3.11. Проточная цитофлуориметрия.

Появление высокочувствительных фотодетекторов (фотоэлектронных умножителей), лазерных источников света (позволяющих получать практически монохроматическое высокоинтенсивное излучение), разработка методик мечения биологических молекул флуоресцентными метками с высоким квантовым выходом фотолюминесценции и создание достаточно мощных для быстрой обработки большого объема информации компьютеров позволили разработать специальные флуориметрические устройства для индивидуальной оценки свойств отдельных клеток в клеточных суспензиях (в т.ч. в цельной крови). Такие устройства носят название проточных цитофлуориметров. Схема такого цитофлуориметра и краткое описание принципов его работы приведены на рис. 28

Следует отметить, что разработка проточных цитофлуориметров стала возможна только после того, как было выяснено, что каждый тип клеток несет на своей поверхности специфические антигены (так называемые маркёрные антигены), которые не экспрессируются клетками других типов. Были получены моноклональные антитела против каждого из подобных антигенов, и флуоресцирующие производные этих антител (а также - антител против данных антител), меченные ковалентно присоединяемыми флуоресцентными метками. Наборы подобных антител против клеточных маркеров семейства CD (CD - кластер дифференцировки, англ. cluster of differentiation, cluster designation - номенклатура дифференцировочных антигенов лейкоцитов человека. Данная классификация была предложена в 1982 году для идентификации и исследования поверхностных мембранных белков лейкоцитов. CD-антигенами или CD-маркёрами могут быть белки, которые служат рецепторами или лигандами, участвующими во взаимодействии клеток между собой и являющимися компонентами каскада определённых сигнальных путей. Но они могут быть и белками, выполняющими другие функции, например, белками клеточной адгезии. Список CD-антигенов, внесённых в номенклатуру, постоянно пополняется и в настоящее время содержит 350 CD-антигенов и их подтипов) время коммерчески доступны. В качестве флуоресцентных меток обычно используются возбуждающиеся и фотолюминесцирующие в видимой области красители, либо флуорофоры на базе так называемых «квантовых точек» (см. ниже).
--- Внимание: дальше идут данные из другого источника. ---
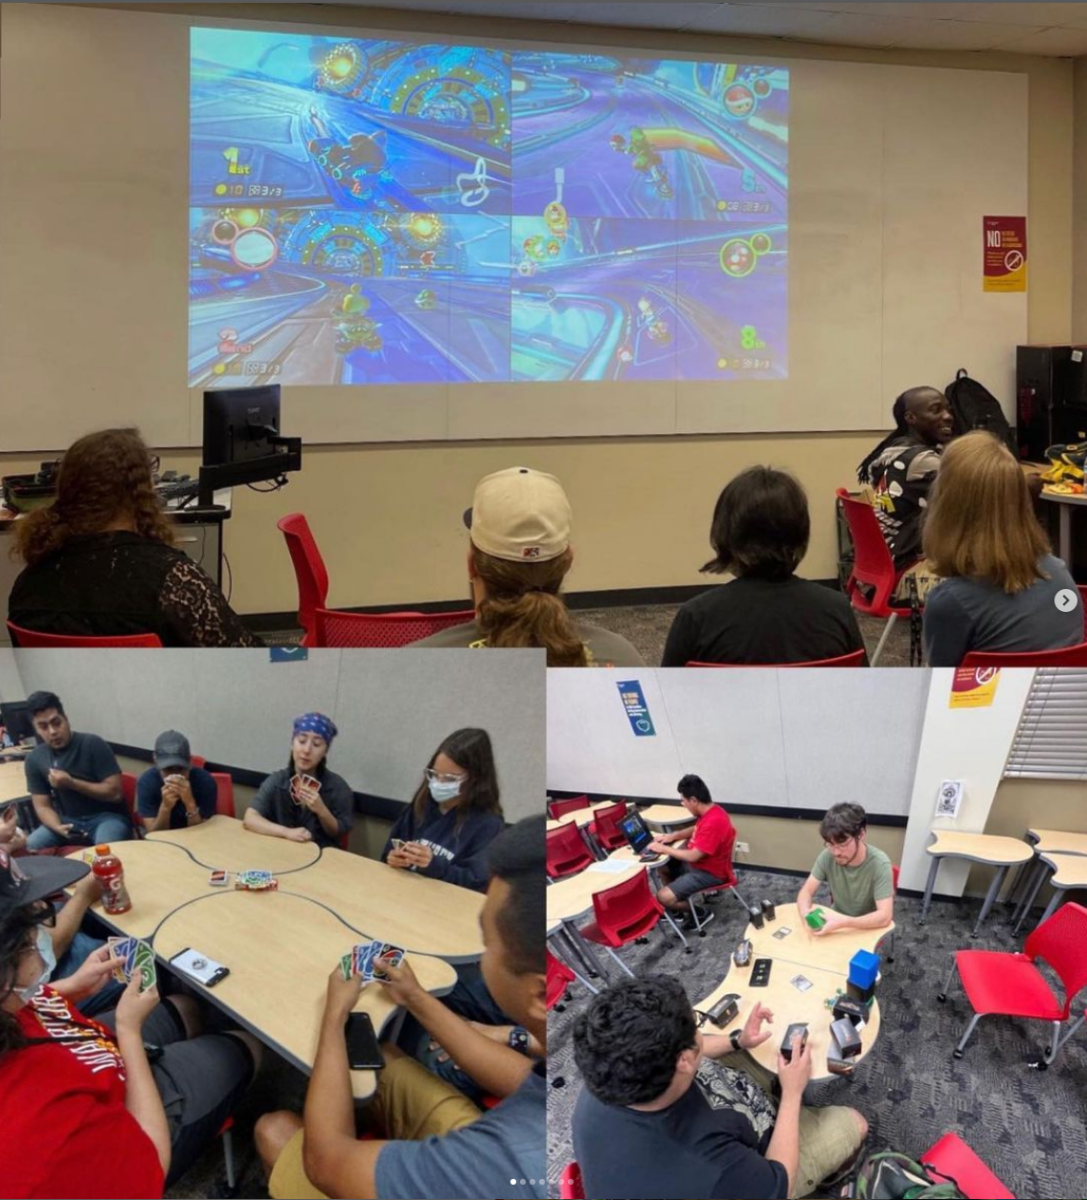 Different types of games being played, such as Mario Kart, Uno, and Magic: The Gathering, during an in-person meeting for Gaming Club. (Photo Courtesy of @stanstategaming on Instagram)
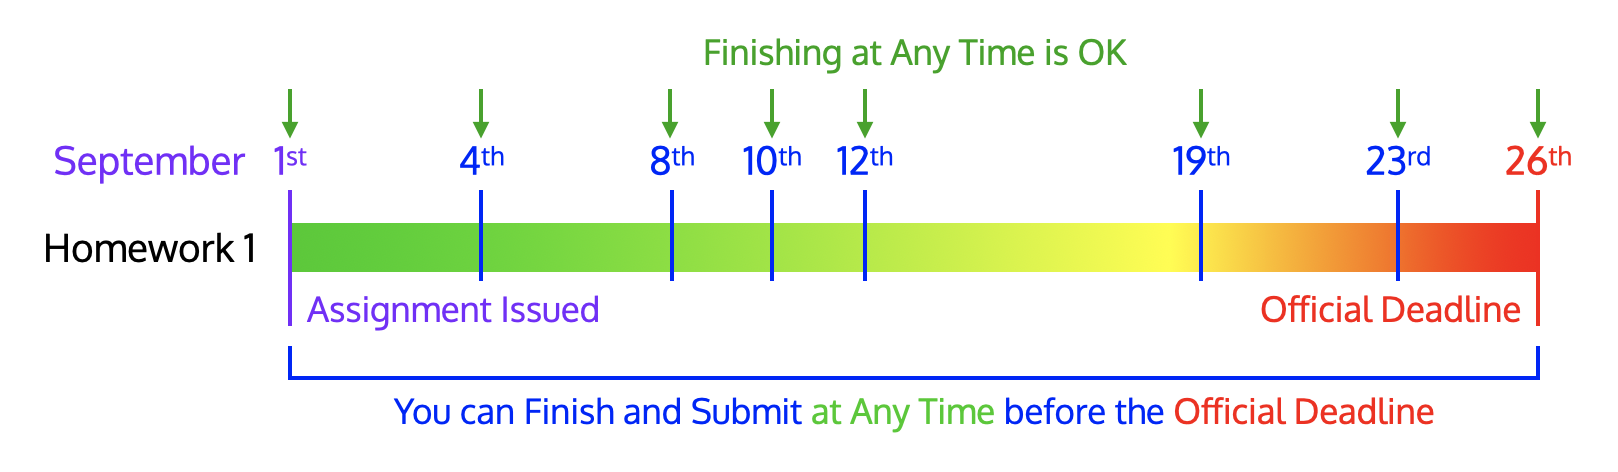 Finish Assignments at Any Time

Рисунок 28. Схема устройства проточного цитофлуориметра. Исследуемая суспензия клеток, которые были предварительно обработаны тем или иным набором флуоресцентно-меченных моноклональных антител против маркерных антигенов с помощью насоса высокого давления прогоняется через форсунку с диаметром выходного отверстия около 100 мкм. Далее клетки по одной попадают в проточный капиллярный канал, где освещаются излучением лазера (иногда в приборе бывают установлены несколько лазерных источников, испускающих свет в разных спектральных диапазонах). Во время прохождения через лазерный пучок вторичное излучение клеток анализируется набором фотоэлектронных умножителей, каждый из которых измеряет интенсивность свечения в спектральной области, соответствующей зоне флуоресценции какой-либо из флуоресцентных меток, которыми были обработаны исследуемые клетки. Регистрируются также интенсивности рассеянного клеткой под прямым углом излучения и прямо проходящего света лазера. Сигналы всех фотоэлектронных умножителей попадают в компьютер, где происходит обработка полученных данных.

Регистрируемая интенсивность свечения каждой метки на каждой из проходящих через пучок лазера клеток (напомним, клетки двигаются в капиллярной проточной кювете строго по одной, см. рис. 28) запоминаются компьютером. После того, как через лазерный пучок прошло заранее задаваемое количество клеток (зарегистрировано определенное количество «клеточных событий»), на основании полученной информации рассчитываются распределения клеток по размеру (рассчитываемым на основании времени прохождения клетки через лазерный пучок), по экспресии тех или иных антигенов и т.д. Получаемая информация позволяет оценить качественный и количественный состав исследуемой клеточной суспензии, функциональное состояние отдельных групп клеток (например, активация лейкоцитов обычно сопровождается появлением на их поверхности антигенов, которые отсутствуют у покоящихся клеток данного типа). Можно также определить долю погибших клеток в исследуемом образце и даже установить механизм их гибели (антигенные детерминанты и размеры у клеток, погибших по механизму некроза, отличаются от таковых у клеток, погибших вследствие апоптоза).

Очень важной областью применения проточной цитофлуориметрии стала диагностика гемобластозов, поскольку каждый тип патологических (лейкозных) клеток имеет свои маркерные антигены. Соответственно, выявив присутствие в крови больного клеток с определенным (присущим только конкретному типу гемобластоза) набором маркерных антигенов, можно точно диагностировать наличие гемобластоза данного типа. Количество же таких клеток в крови указывает на тяжесть течения патологии на момент обследования пациента.